You could be presented with any type of roleplay ranging from Breaking bad news, consouling a friend or it may just be having a general chat. QUB tend to be very very unpredictable in their MMI stations and I remember a scenario which was very odd but again if your naturally a nice person and can talk to someone with empathy honestly these stations are a breeeeze and are sooo enjoyable. Also please remember that you are not the actor. They aren't looking to identify an actor in you rather all they want to see is that you have some form of empathy and communication skills which obviously are essential in medicine.
Have a look at the sample station they've given you on their website. The way I prepared for these roleplays is to grab a friend or family relative (i.e my sister helped me loads) and practice out loads of scenarios with them. You'll find that once you develop a generic stratagy for each type of roleplay in your mind then all you have to do is to just adapt yourself to the scenario. I.e introduce yourself, listen, empathise with them, ask if there's anything you can do.

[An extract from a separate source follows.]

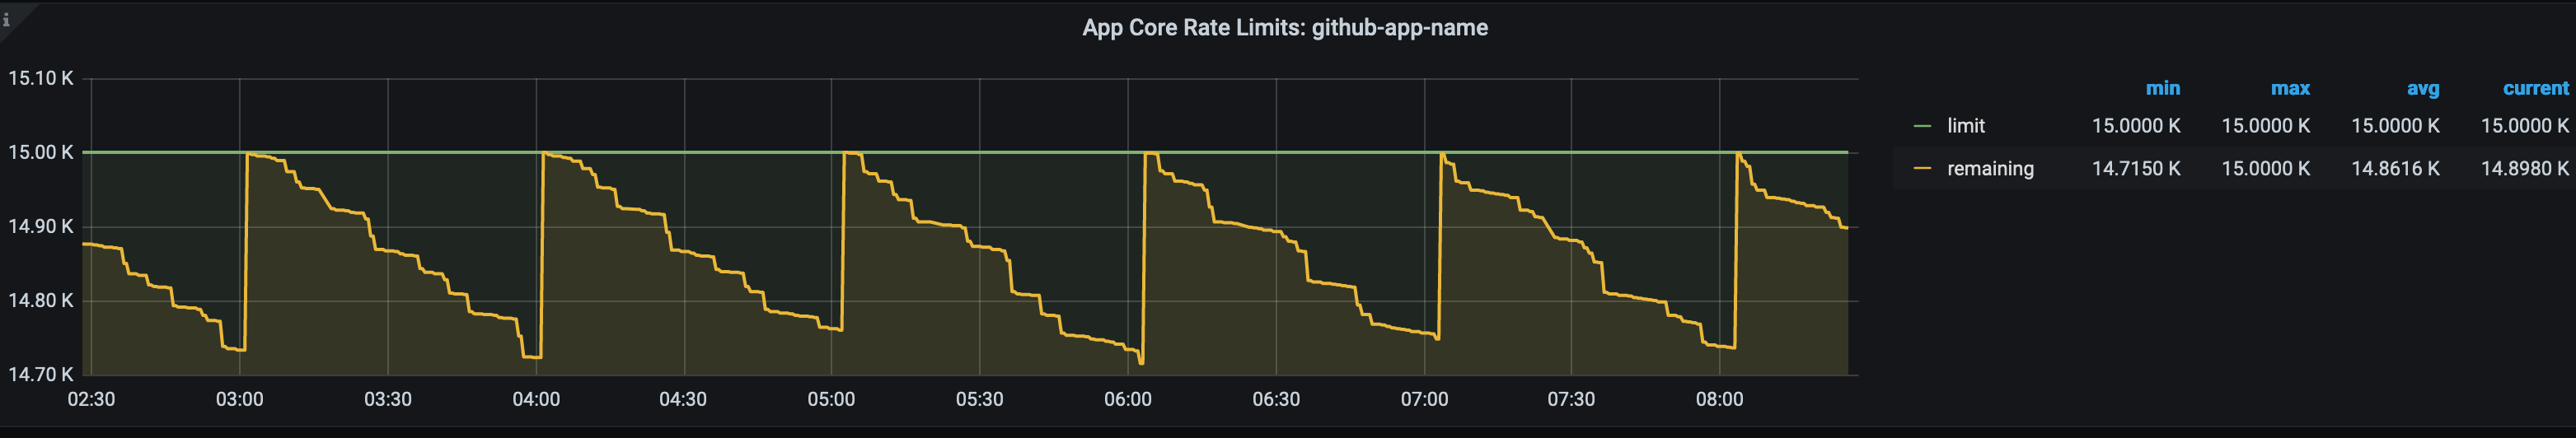 github-app-rate-limits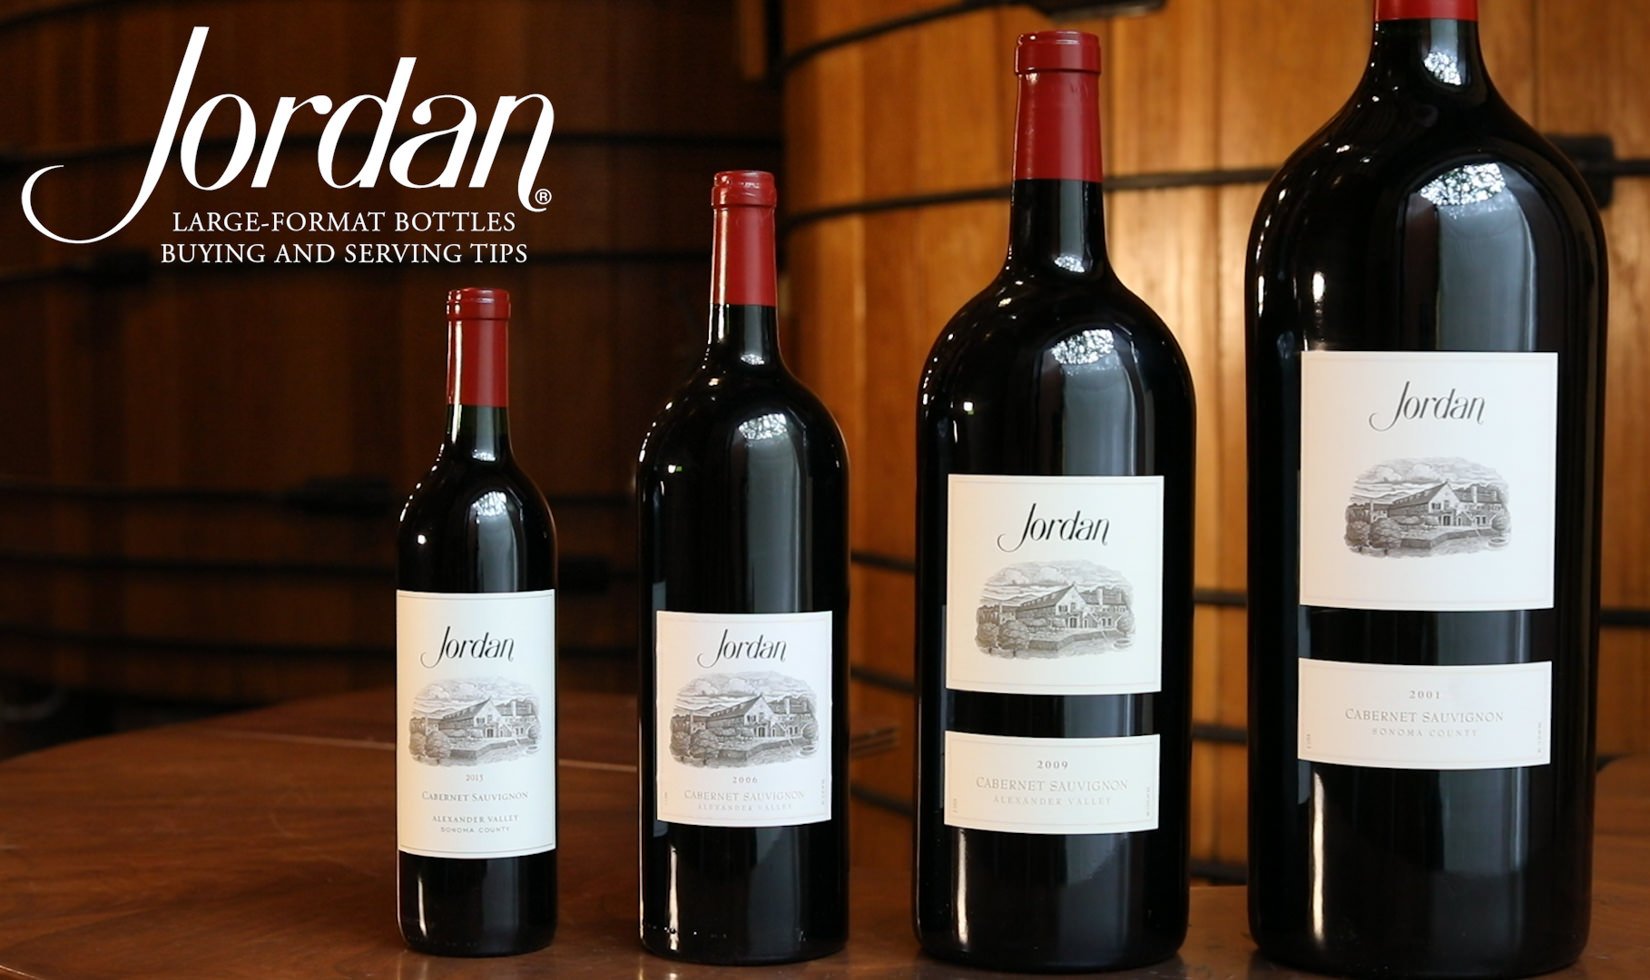 https://www.jordanwinery.com/wp-content/uploads/2017/05/2017-Jordan-Winery-Large-Format-Wine-Big-Bottle-Sizes-Serving-Buying-Storing-Guide-Party-Planner-Quantity-Video-Still-BLOG-SIZE-15.jpg

Your body language and tone of voice is absolutely VITAL. You could be saying the sweetest things with your mouth but if you've got a closed or arrogant body language you will lose marks.
For ethical statios my advise would be to read the ICS book to gather knowledge about medical ethics.
Thank you soooo much! Do you remember how much time you had before each station? and were there a lot of questions like "why medicine, talk to me about leadership etc?"?
Thank you soooo much! Do you remember how much time you had before each station? and were there a lot of questions like "why medicine, talk to me about leadership etc?"?
You had 1 minute to read the instructions displayed outside the station. They will explain all of this information to you in the briefing prior to your interview so don't worry.
I can't reveal the specifics but yes there was one station asking personal questions.
I think with QUB MMIs everyones whom I've spoken to said that it was nearly impossible to prepare for it simply due to how unpredictable their stations are and they do this on purpose.
You had 1 minute to read the instructions displayed outside the station. They will explain all of this information to you in the briefing prior to your interview so don't worry.
I can't reveal the specifics but yes there was one station asking personal questions.
I think with QUB MMIs everyones whom I've spoken to said that it was nearly impossible to prepare for it simply due to how unpredictable their stations are and they do this on purpose.
What would you say for an ethical situation saying that a patient/Jehovah's Witness is refusing a blood transfusion and will otherwise die?
Is the patient able to give their consent? Are they lucid and able to tell you they don't want one? Then you can't force them to have one. But remember to talk about how that's a difficult situation - no-one is a portable ethics-o-meter, and there are nuances to the debate. Like what if you knew for a fact that they were a Jehovah's Witness and would refuse a blood transfusion, but they're passed out/nearly dead? Do you still withhold a transfusion? It's all very difficult!